第5节(1 / 1)

“不是!”女鬼否认:“奴家本来就在画里。”

她朝着文熙伸手:“公子救我!”

“他可救不了你。”皮修手上用力:“那你是怎么进到画里的?”

女鬼摇头:“奴家不知,奴家不知啊!”

文熙听不下去了,伸手按住皮修的手臂说:“她兴许是真的不知。”

皮修看他:“你认识她?”

文熙摇头:“不认识。”

皮修:“但我看她好像认识你,口口声声叫着文公子,我问你,怀玉又是谁。”

文熙一顿,犹豫片刻才承认:“是我,怀玉……是的我的字。”

女鬼趴在地上听见文熙的话,抽泣道:“公子不记得素珍了吗?您还曾夸过素珍的唱腔好听的啊!”

说完她又伏在地上哭起来,流了满地的血泪,让皮修看得头疼,又烦躁起来,指间一动一道黄纸飞出直接封住了女鬼的嘴,房间里终于安静了下来。

小扫把和猴二被老板叫上楼,一拉开珠帘就看见了满地的血和倒在血边被封住嘴的女鬼。

皮修揽着文熙坐在沙发上,抬手一指那鬼:“把弄脏的地方收拾干净,这个鬼带下去看着,别吓着客人,也别让她哭。”

猴二提着鬼下去了,小扫把蹲在地上开始擦地,文熙转头盯着那杯猴二拎在手里的女鬼,直到珠帘放下。

“想起来认识了?”皮修问。

文熙不说话。

皮老板看他:“那幅画同你什么关系?怎么这幅画里爬出来的玩意认识你?”

文熙揉了揉头,沉默了许久才说:“那是我寿辰时候的宴会画像。”

皮修眉头一挑,叫小扫把将画拿过来在面前展开,冲着画问:“这画上哪个是你?指出来看看。”

文熙抬手一指画正中桌子上的红衣玉冠人。

皮老板看看画又看看人,忍不住道:“真是一点也看不出来,这画上人的脸有你两个大。”

文熙:“那时的画匠就是这般,不比现在好。”

“既然是你的寿宴,来了哪些人你应该清楚吧。”皮修指着那饕餮化身的白衫人:“这个还有印象?”
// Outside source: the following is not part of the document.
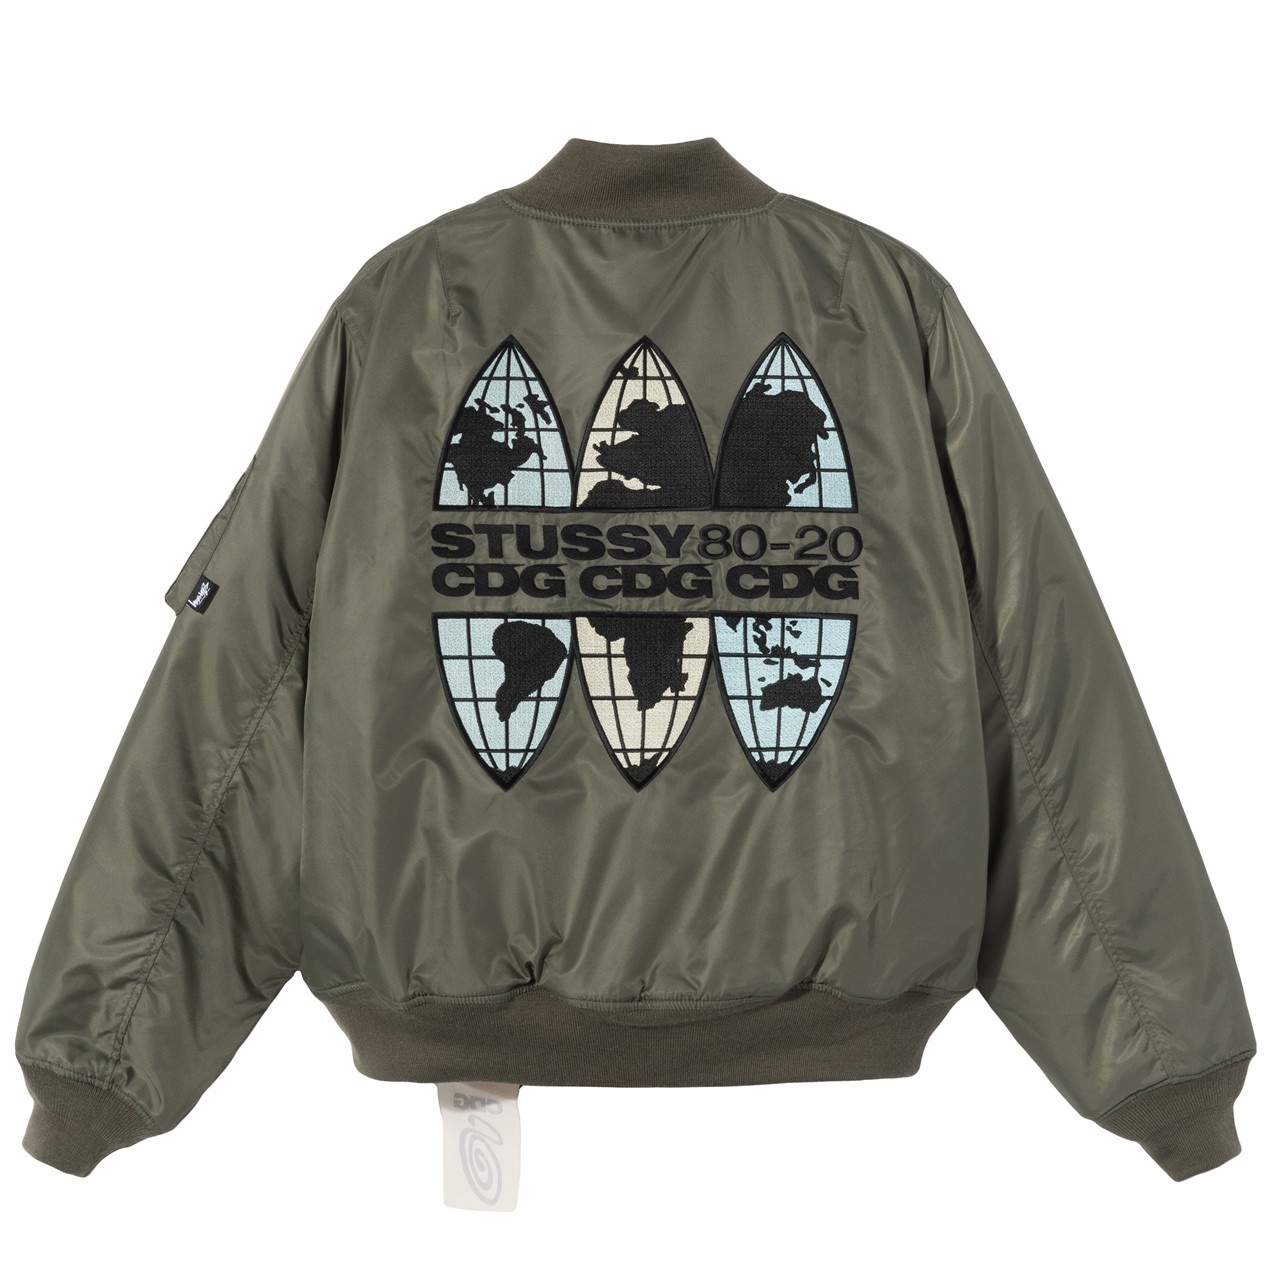 Stussy x CDG bomber jacket
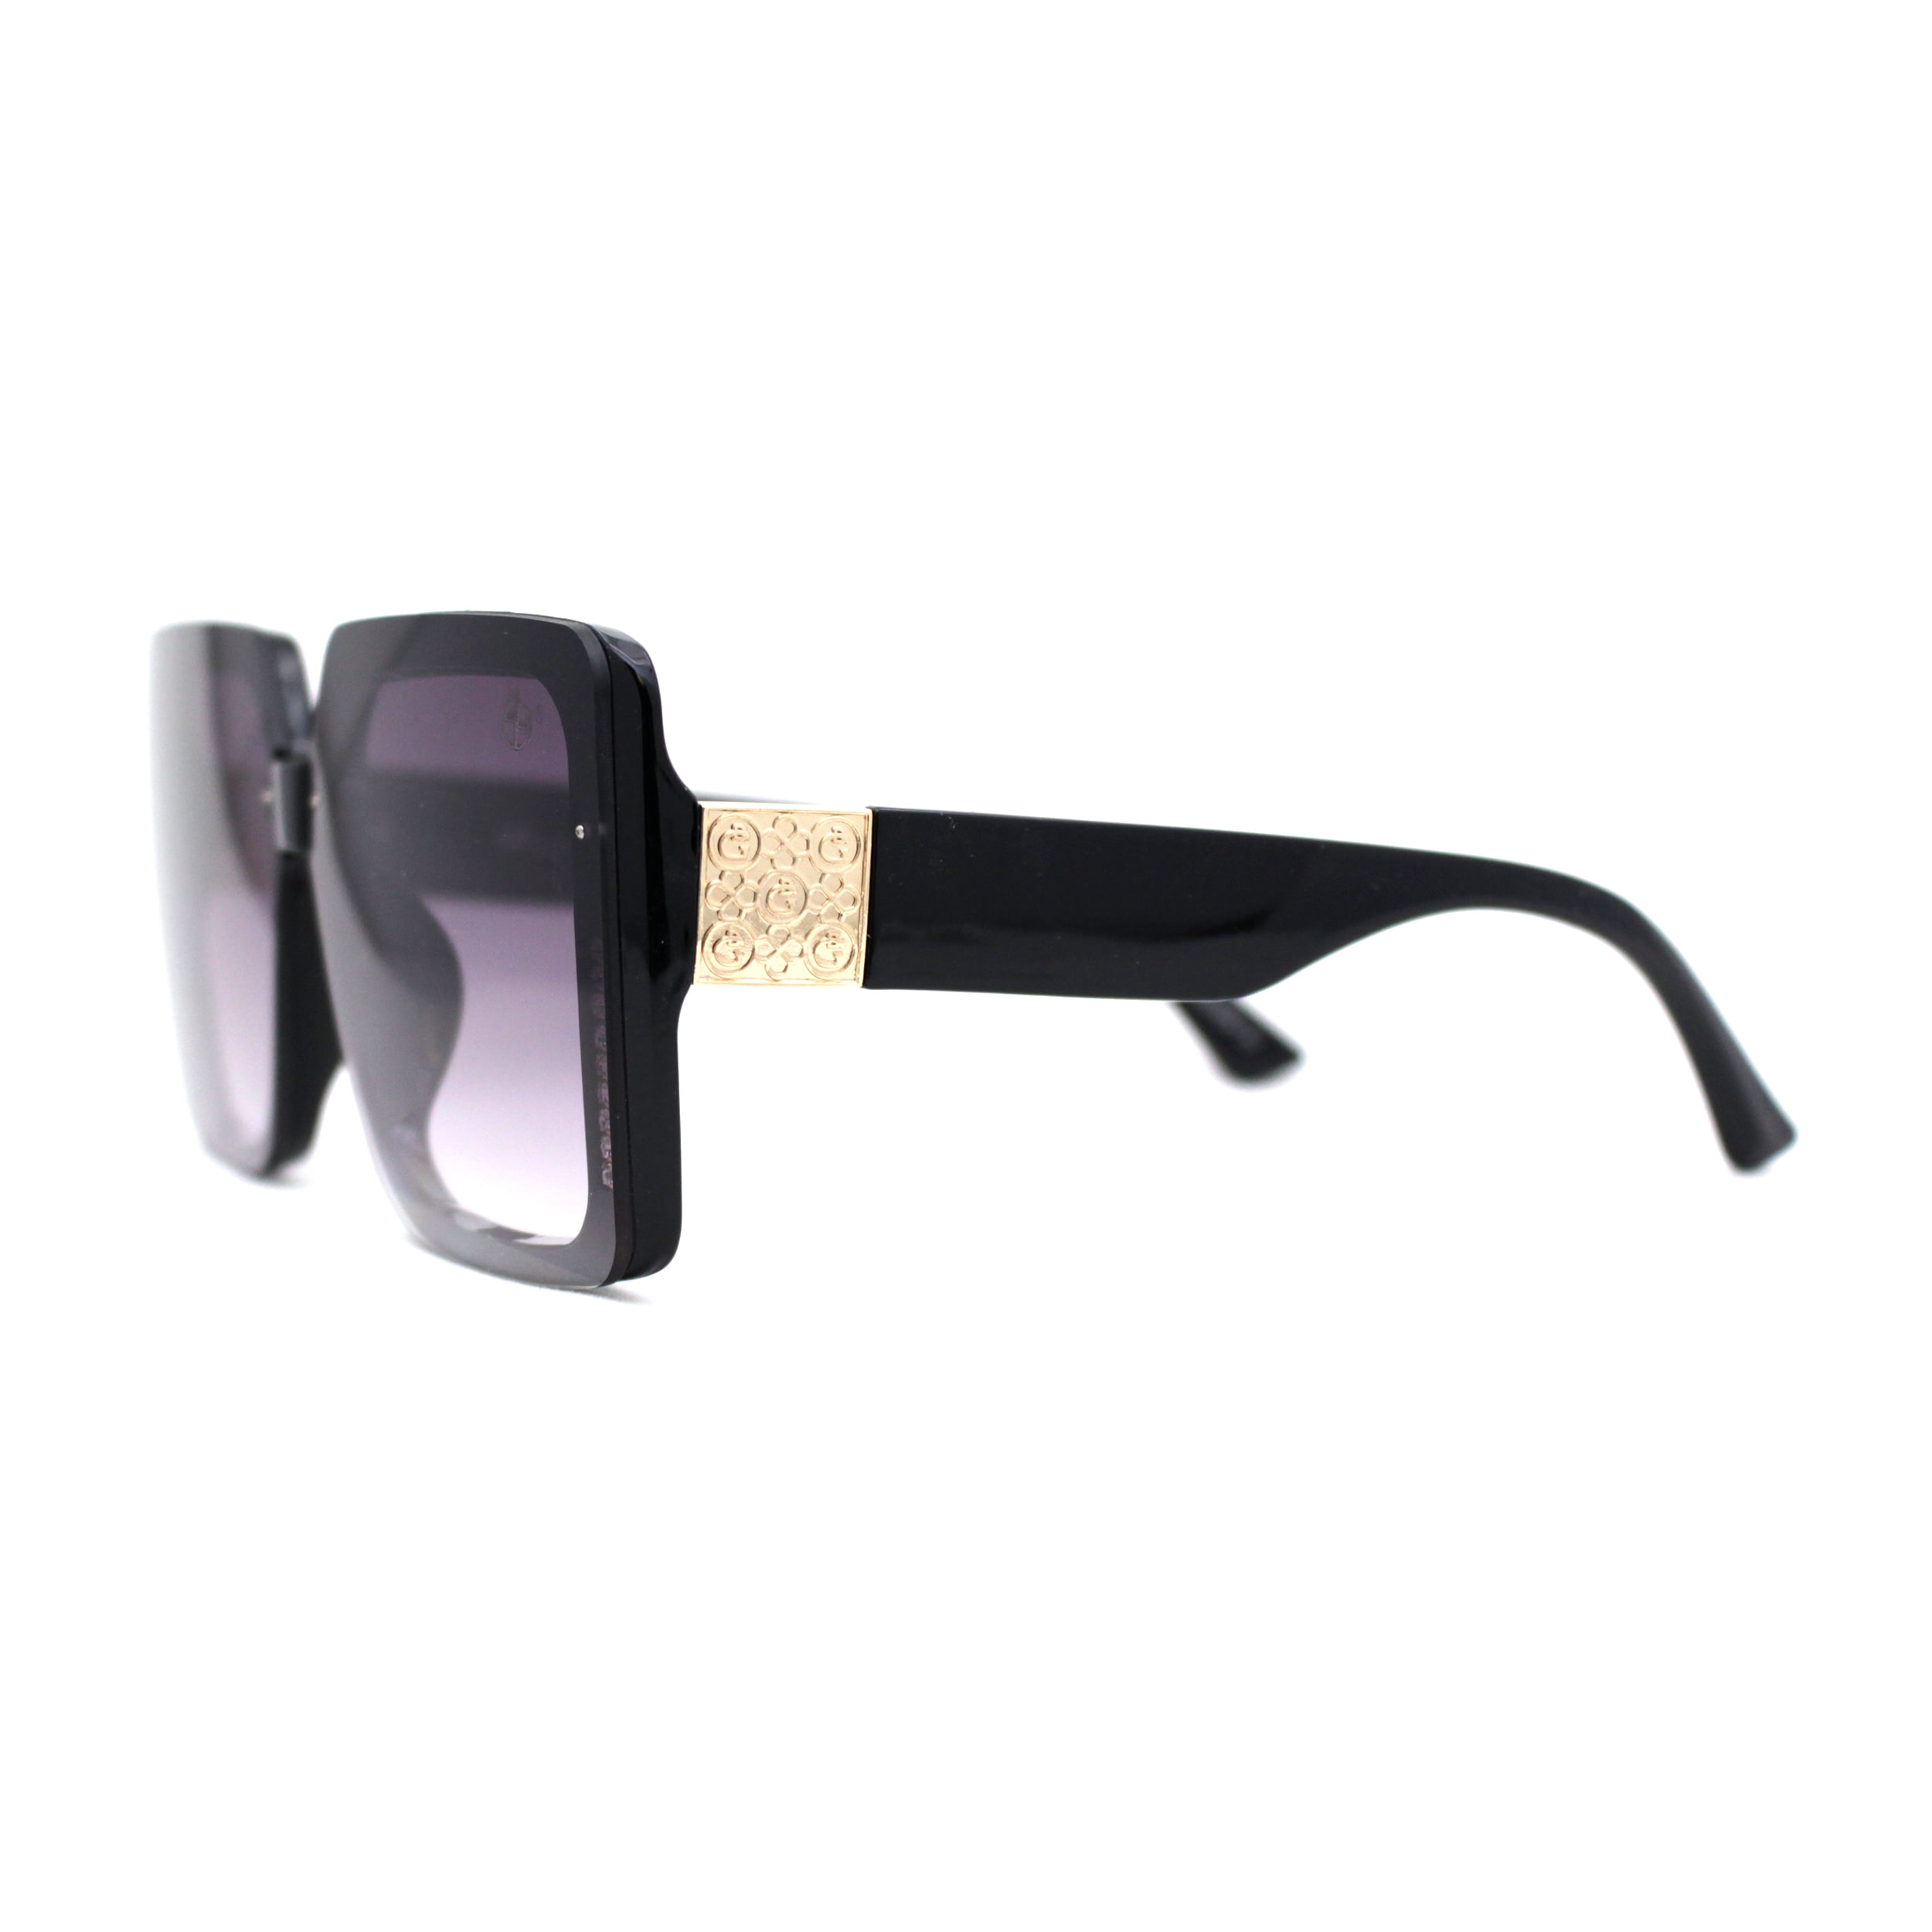 Butterfly Sunglasses - Black & Gold - Acetate & Metal - Default

文熙叹气:“你也说了这画分不出人样来,更何况寿宴宾客众多,我也只接待那些有头有脸的人来,哪里会在意同婢女说话的人。”

他说着一顿,盯着这画上的那女鬼留出一块空白道:“倒是这伶人离这屏风近,兴许见过饕餮。”

皮修看着那块空白许久,冷声道:“你最好是真的不记得了,怀玉公子。”

“我不会骗您。”文熙伸手搂住皮修的脖子露出一笑:“要是记得我一定会告诉您的。”

皮修不接他的腔,依旧是看着那副画卷。

从前他也曾从山上下来,路途经过人类居住的地方,如同这画上一般的灯红酒绿金碧辉煌的寿宴他也曾见过,都是在那些王侯将相家中。

而这书生鬼一身穷酸麻衣,却说这画中央顶戴宝冠,身着红袍金绣纹样的主人是自己,那女鬼也口口声声叫他公子。

皮修拉下脖子上的手捏了捏,当真是双公子哥不沾阳春水的手。

“这画是你的?”皮修问。

文熙点头:“是一参加宴席的书生所画。”

皮修:“那怎么又落到了饕餮手里去?”

文熙一愣,当日家破人亡文家万贯家财都被抄没,这画如何沦落到别人手中也未可知。

“又不记得了?”皮修见他又不说话,表情顿时愣了下来。

文熙摇头:“我真的不知道。”

“既然是个公子哥,那怎么被人折骨藏坛,定魂封压不得超生。你家里人也不管你?”皮修揽着他去看画,挑眉问:“难道是家道中落,同话本里面一样蒙受了不白之冤,一朝下狱成了阶下囚?”

文熙僵了僵,脸上勉强挤出来一个笑来:“倒也差不了多少,只是人家是不白之冤,我家是咎由自取罢了。”

第7章

文熙说完这句话就闭口不言,皮修也没有继续问下去,鬼这种东西诸多忌讳,有些鬼想起曾经的事模样就会大为改变,怨气丛生。

皮修对文熙现在的样子非常满意,抱在怀里带着出门都有面子,比店里那几个小妖怪看得赏心悦目一百倍。

要是文熙突然变成厉鬼一样有损市容的样子,别说抱在怀里,皮老板会直接送他人道主义毁灭,超度他下辈子好好做个人。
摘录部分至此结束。